PROBLEM DESCRIPTION — The answer should hold only the lines from the one containing "Fotobeispiel für Biometrisches" through the one containing "980 x White T-Shirt" in the entries below, copied exactly, without pictures.

DATA EXTRACTS —
════
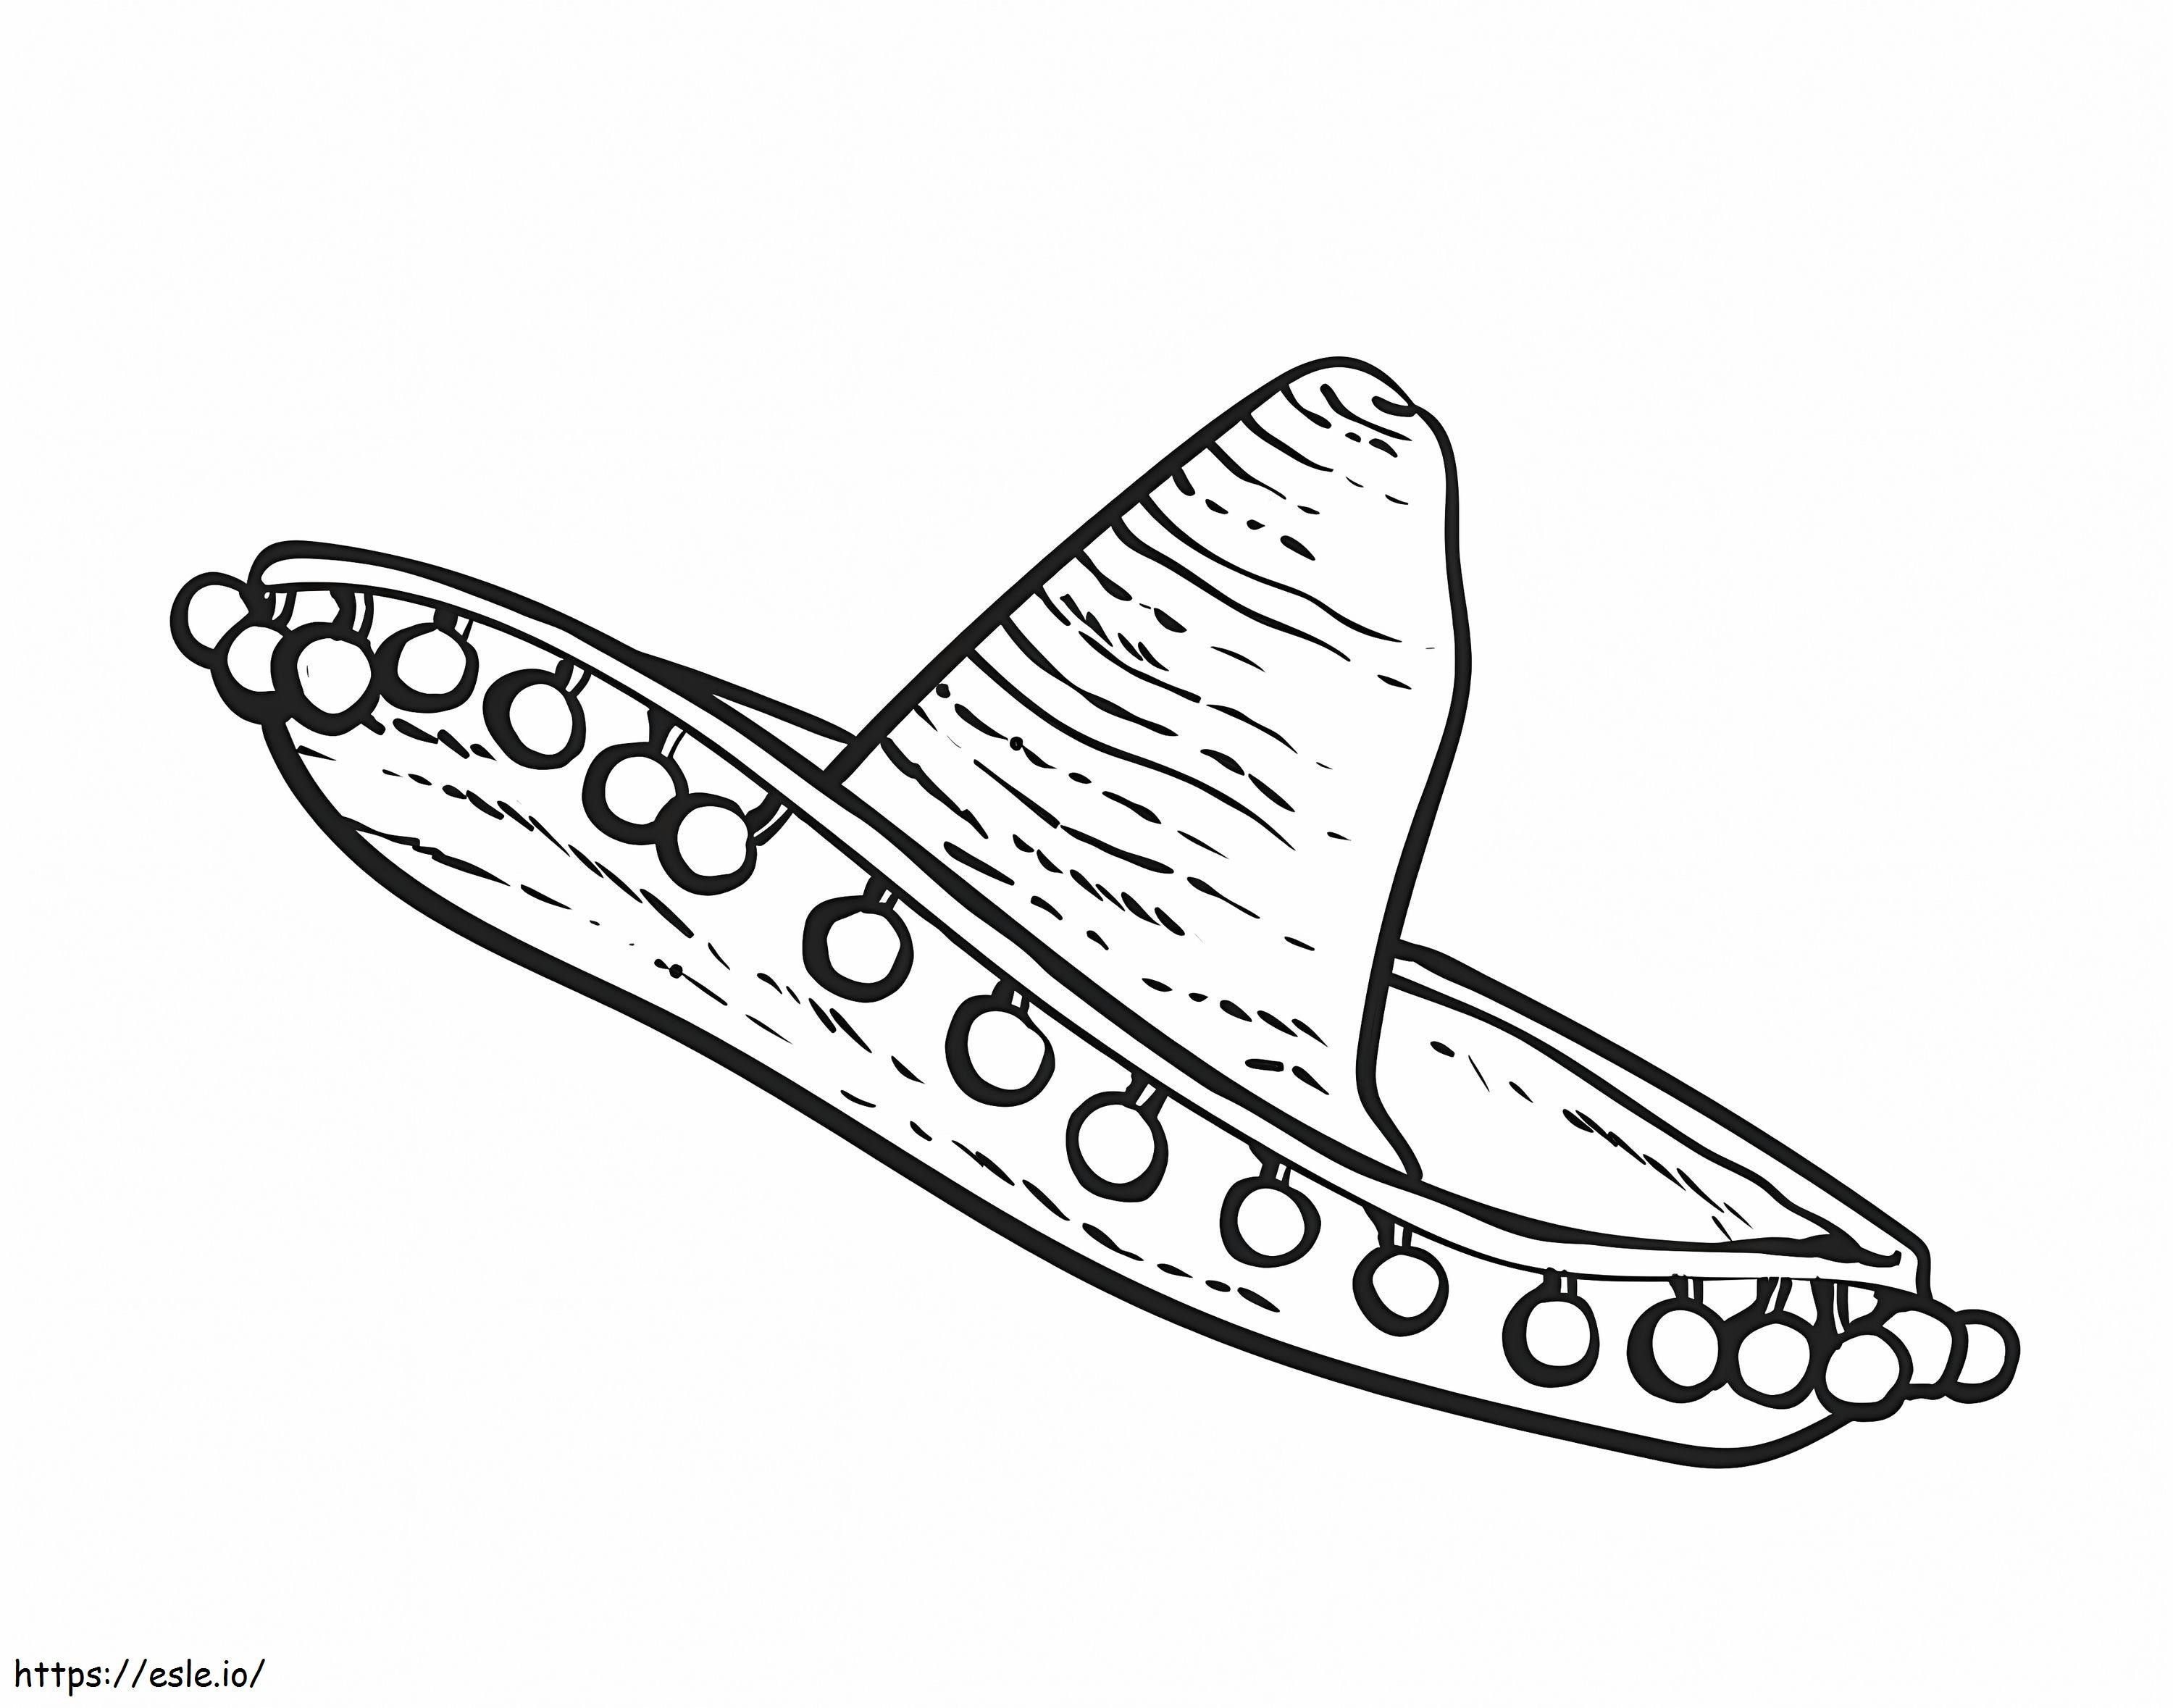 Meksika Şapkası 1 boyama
════
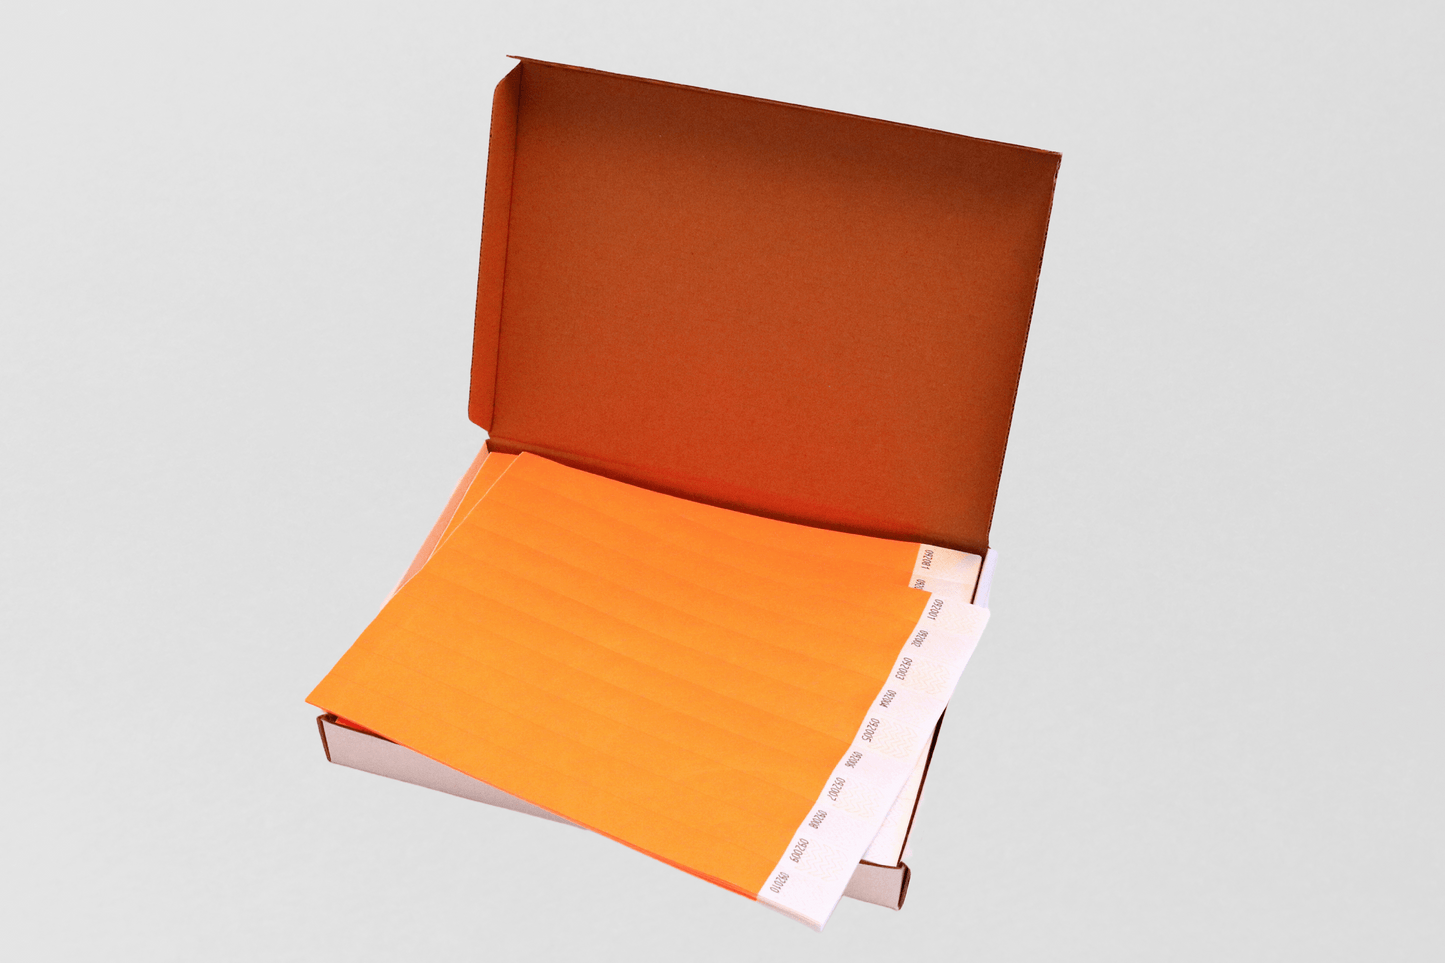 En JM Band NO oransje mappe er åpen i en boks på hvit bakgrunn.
════
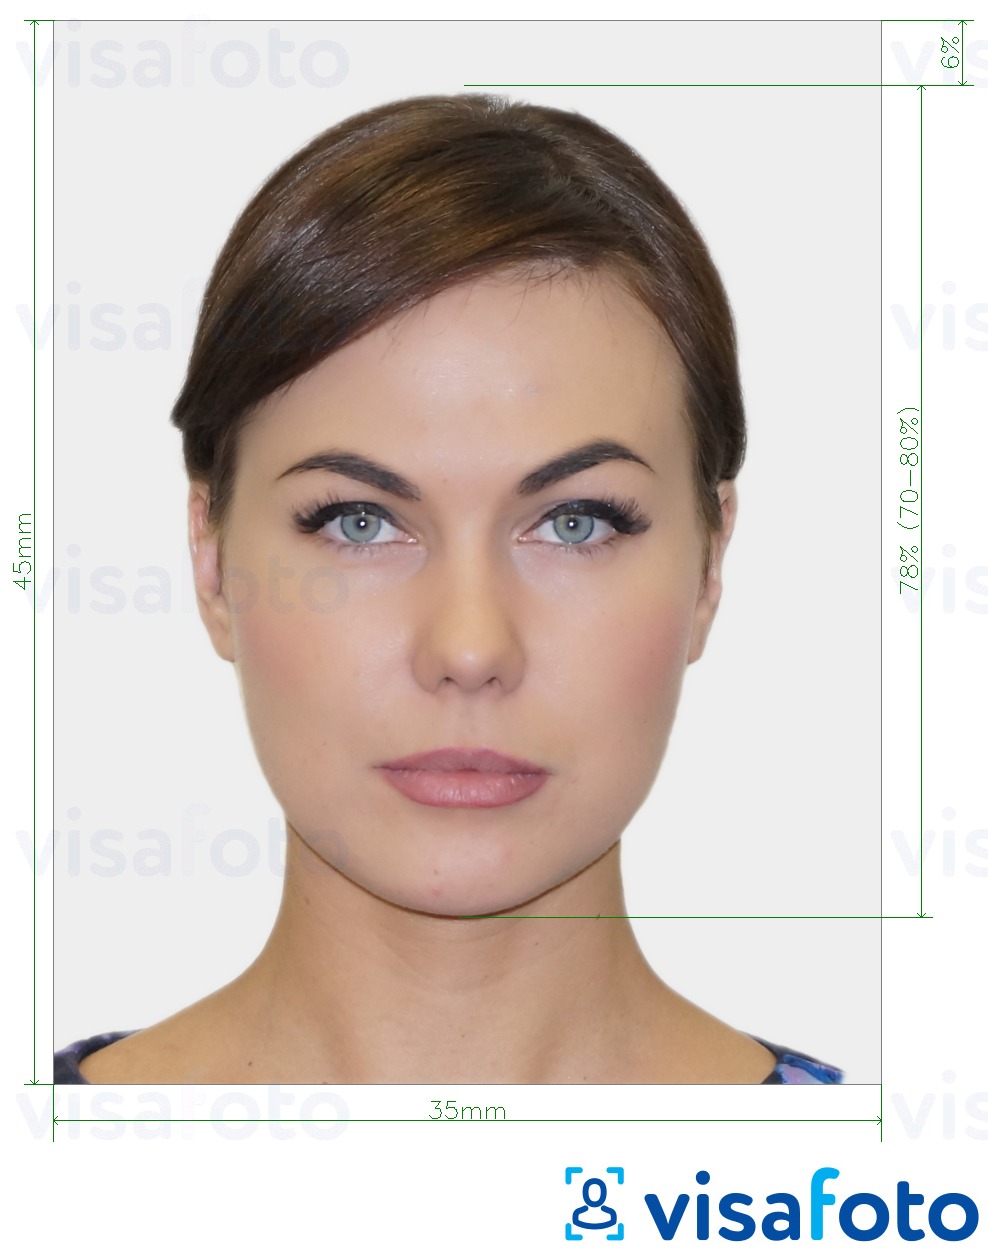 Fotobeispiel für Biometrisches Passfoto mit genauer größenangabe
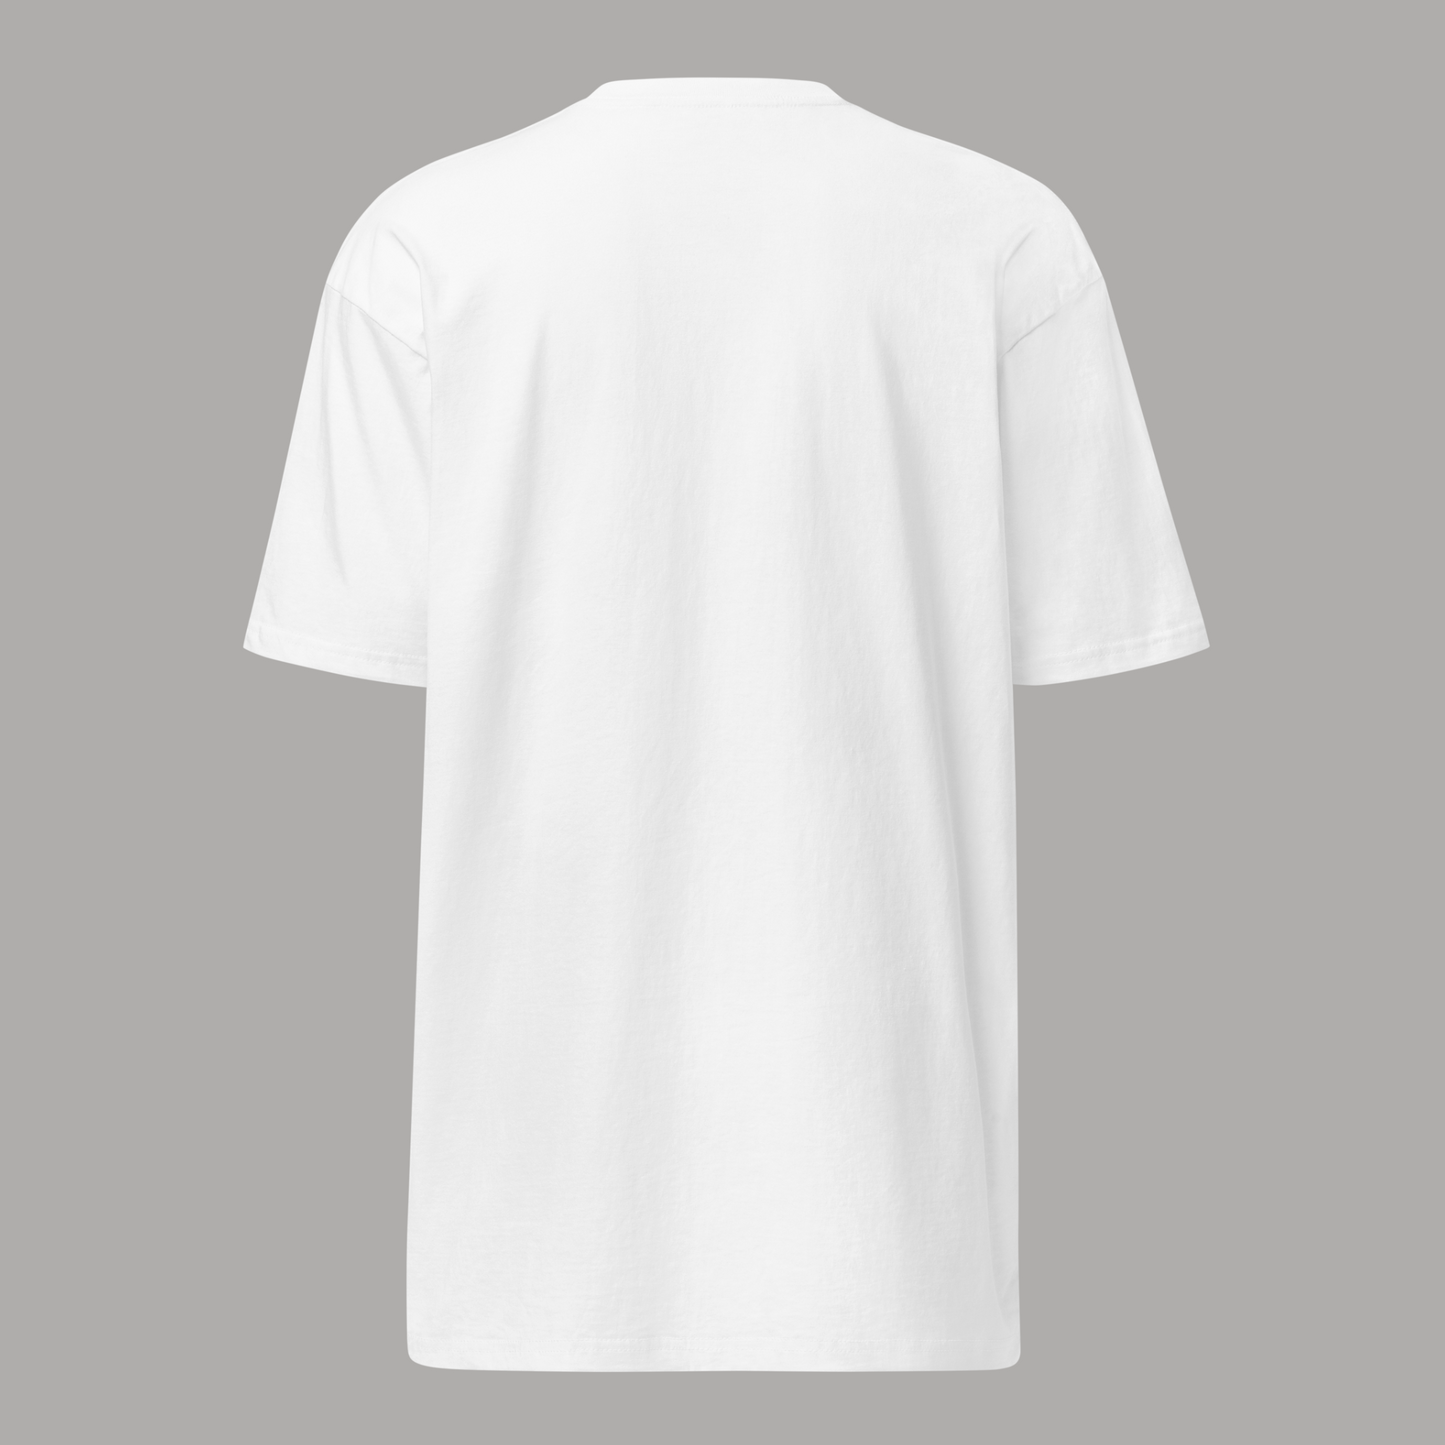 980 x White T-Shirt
════
EXERCISE SOLUTION —
 Fotobeispiel für Biometrisches Passfoto mit genauer größenangabe
 980 x White T-Shirt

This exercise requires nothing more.